1. set the service, container and host name all to rtc
2. set to restart policy to automatically restart the container if it stops (unless manually stopped) — full details at Start containers automatically | Docker Documentation
3. specify the docker image to pull from the Docker Hub — at the time of writing that was version 3.5.4.L1
4. publish the ports for the RTC container that I want to interact with from my Windows OS:
· 14002: RSSL Consumer connecting to RTC
· 14003: Non-interactive provider connecting to RTC
· 14005: Interactive provider to listen for RTC connection (non-default value)
· 15000: WebSocket Consumer to RTC
· 8101: Legacy MarketFeed SSL subscriber to RTC

5. specify my bind mounts e.g., c:/docker/rtc354/config:/opt/distribution/config

• Where c:/docker/rtc354/config is my local host path for my config files and
• Where /opt/distribution/config is the RTC docker container config file path

By default, an Interactive Provider and the RTC would communicate on port 14002 — however, since I may want to run both Consumer and IProvider on my host PC, I have changed the IProvider port to 14005 (I will come back to this in the 2nd half).

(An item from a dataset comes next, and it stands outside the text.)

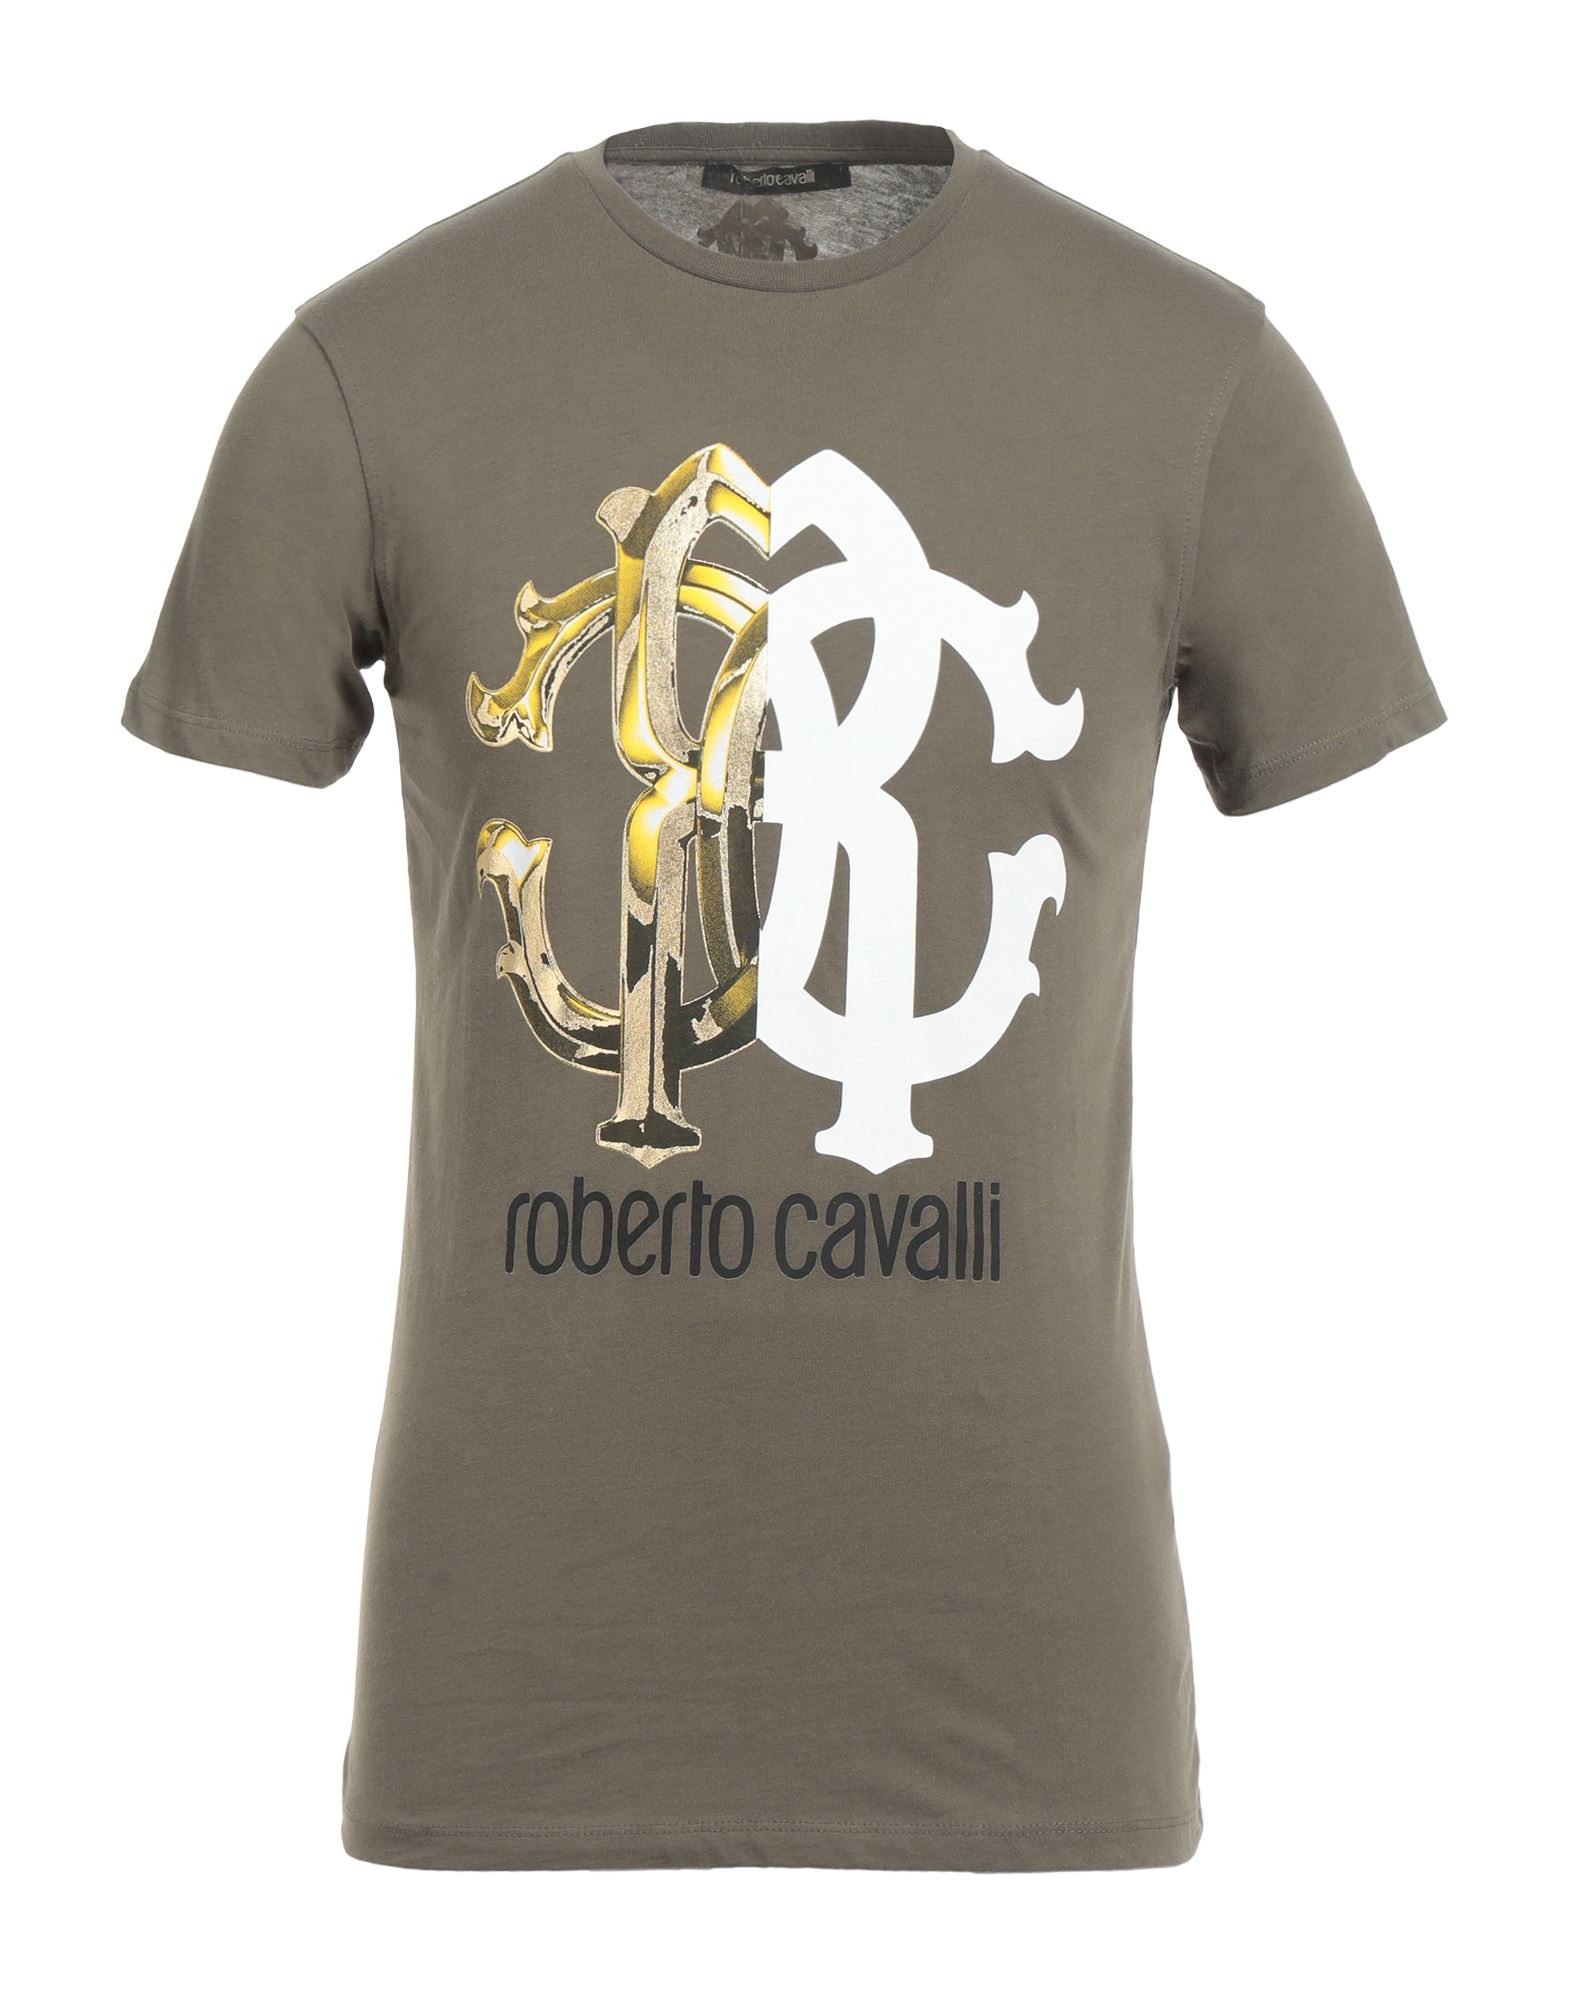 ROBERTO CAVALLI ロベルトカヴァリ Tシャツ トップス メンズ T-shirts

Before I can create my RTC container, I need to configure my RTC as per my requirements. For my usage scenarios, I want to configure my RTC to:

• Connect to a Refinitiv Real-Time Optimized (RTO) feed for my live streaming data.
• Define a cache service so that I can test Contributions code by Posting data to the cache
• Configure at least one Interactive and one Non-Interactive service

Initial RTC Configuration

For the initial phase, I configured only the basics required to get an instance of RTC up and connected to RTO (the Refinitiv Real-Time internet based streaming data service). If you don’t have access to RTO and want to use your own internal RTDS feeds — speak to your Market Data team for the necessary config parameters.

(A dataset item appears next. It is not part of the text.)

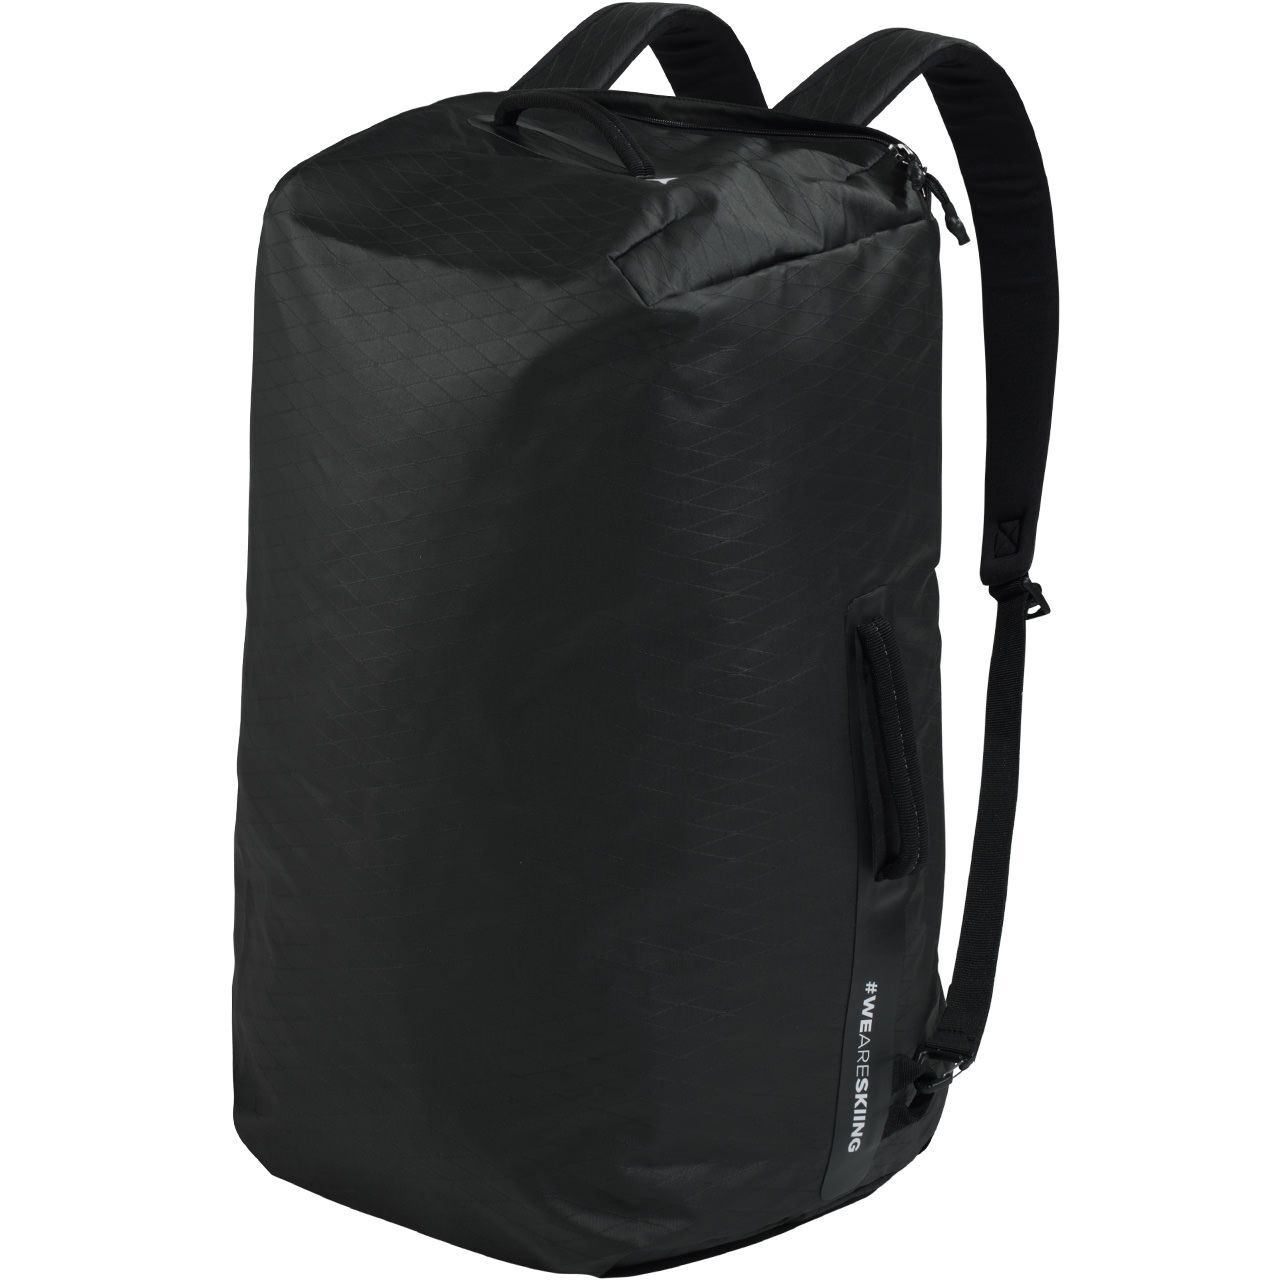 Atomic Duffle Bag 60 L black

I am not an RTDS or RTC expert, so I took a vanilla rtc.cnf file from an RTC package and just ‘hacked’ it to meet my above requirements. I have included a vanilla rtc.cnf for your reference.
I have also provided a copy of my modified rtc.cnf file — minus my credentials. So, in theory, you could just add your credentials/connectivity params and run.
However, I think it would be useful to look at the key changes I made — to provide some understanding for when want to customise RTC to your needs. Just to be clear, whichever file you use — it will need to be renamed to rtc.cnf

If you have an internal Market Data team — they should be able to help you configure your RTC as per your needs.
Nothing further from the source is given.